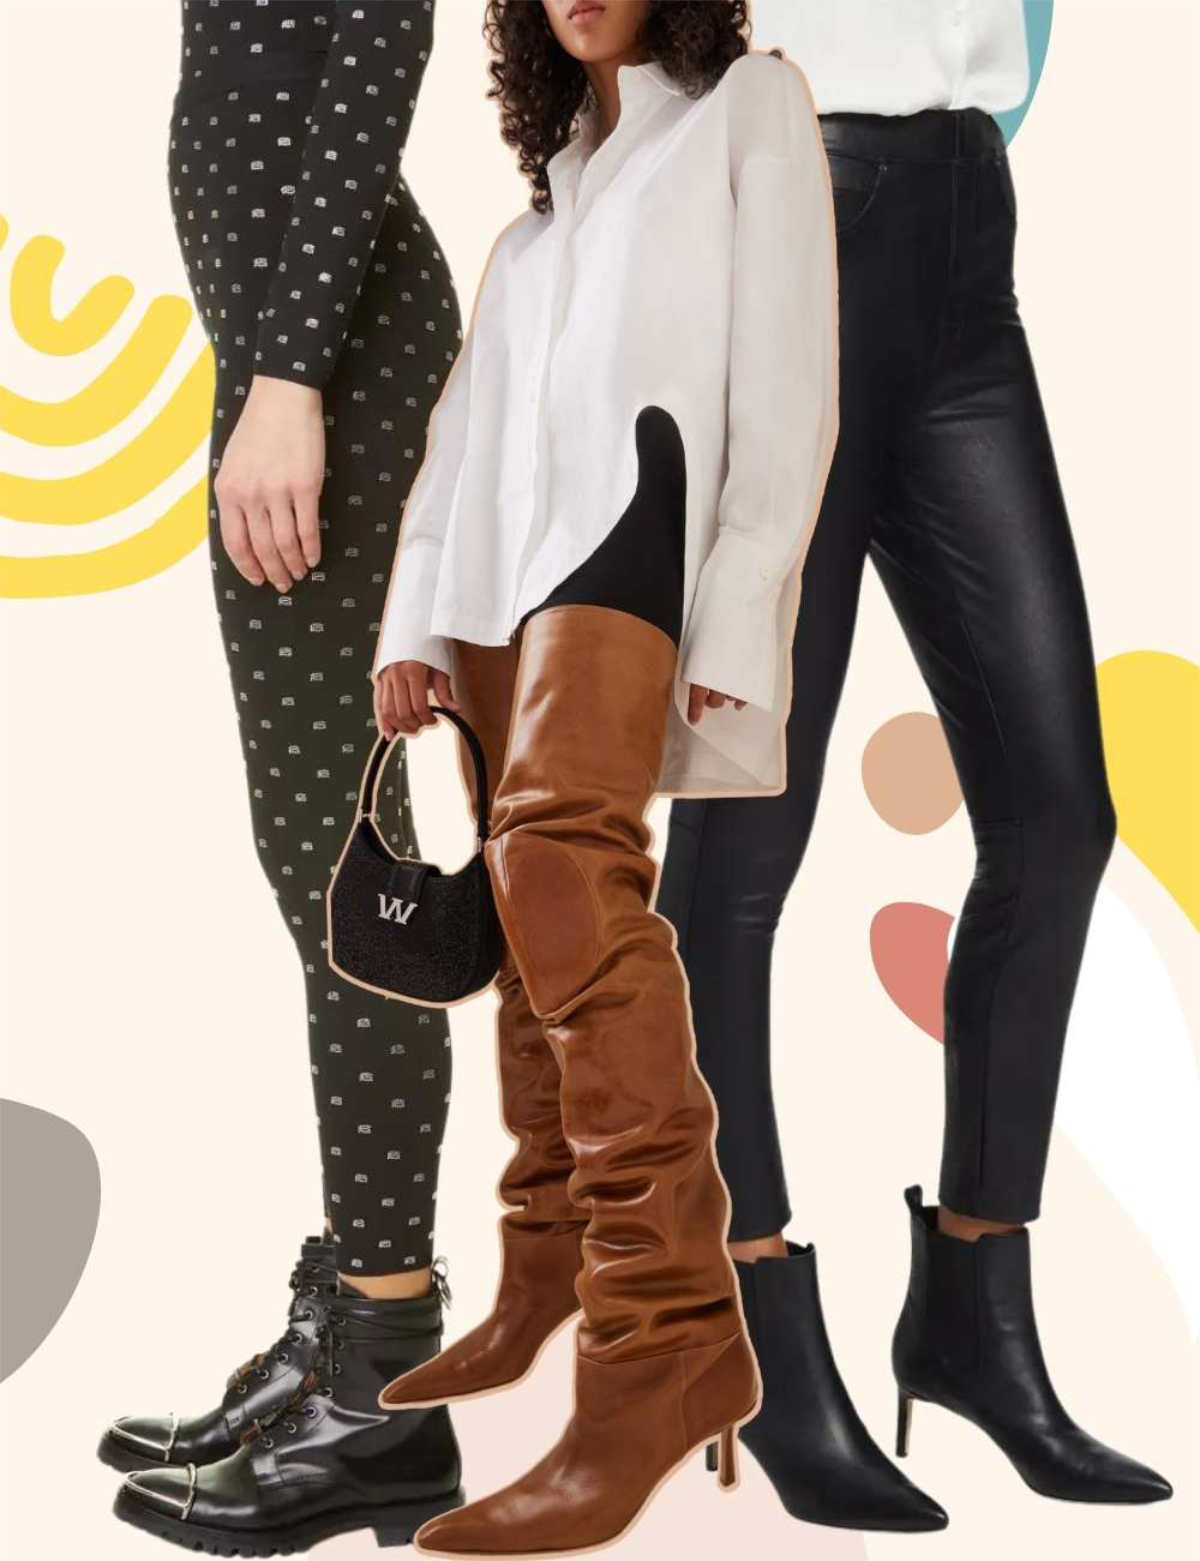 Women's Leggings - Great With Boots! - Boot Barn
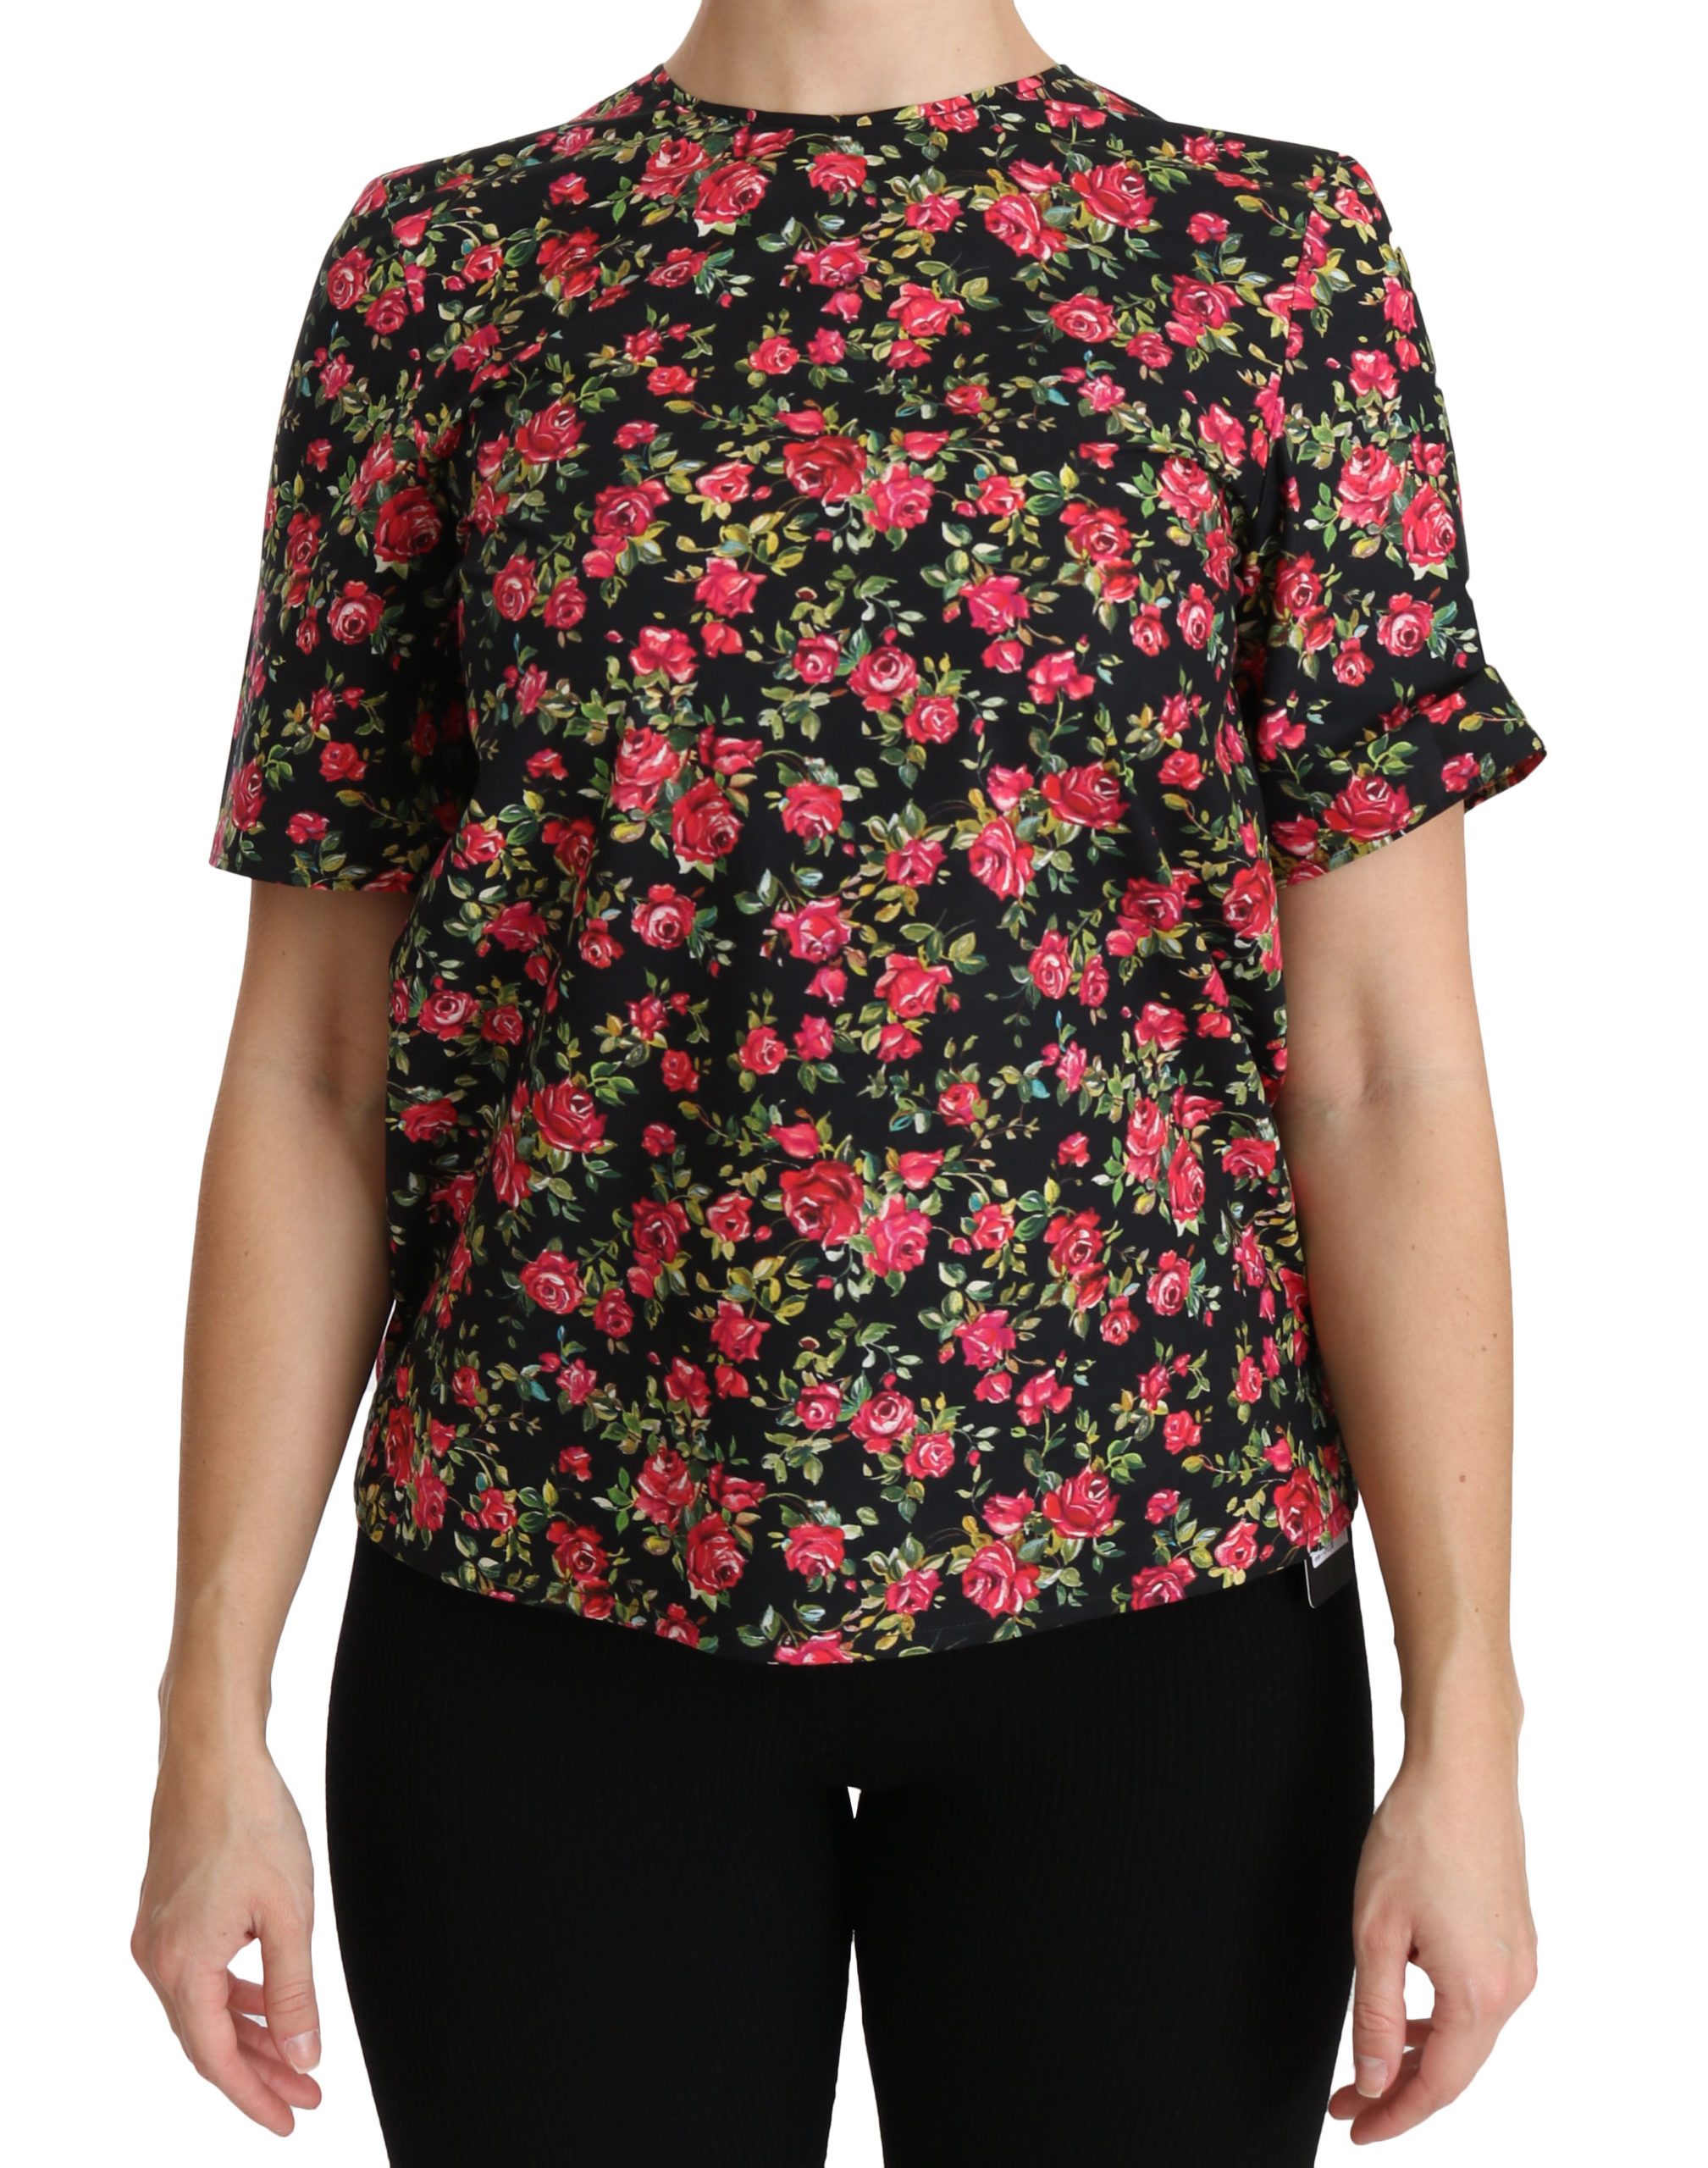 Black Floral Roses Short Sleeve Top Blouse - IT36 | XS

****

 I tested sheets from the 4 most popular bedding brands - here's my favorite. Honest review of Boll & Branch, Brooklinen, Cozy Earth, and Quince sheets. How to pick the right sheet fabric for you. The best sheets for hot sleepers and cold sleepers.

****

■ TASK PROMPT: Looking above, find the stretch of lines that opens with the one holding "Women's Leggings - Great" and closes with the one holding "Black Floral Roses". Copy it exactly, pictures excluded.

■ OUTPUT FOR THIS TASK:
 Women's Leggings - Great With Boots! - Boot Barn
 Black Floral Roses Short Sleeve Top Blouse - IT36 | XS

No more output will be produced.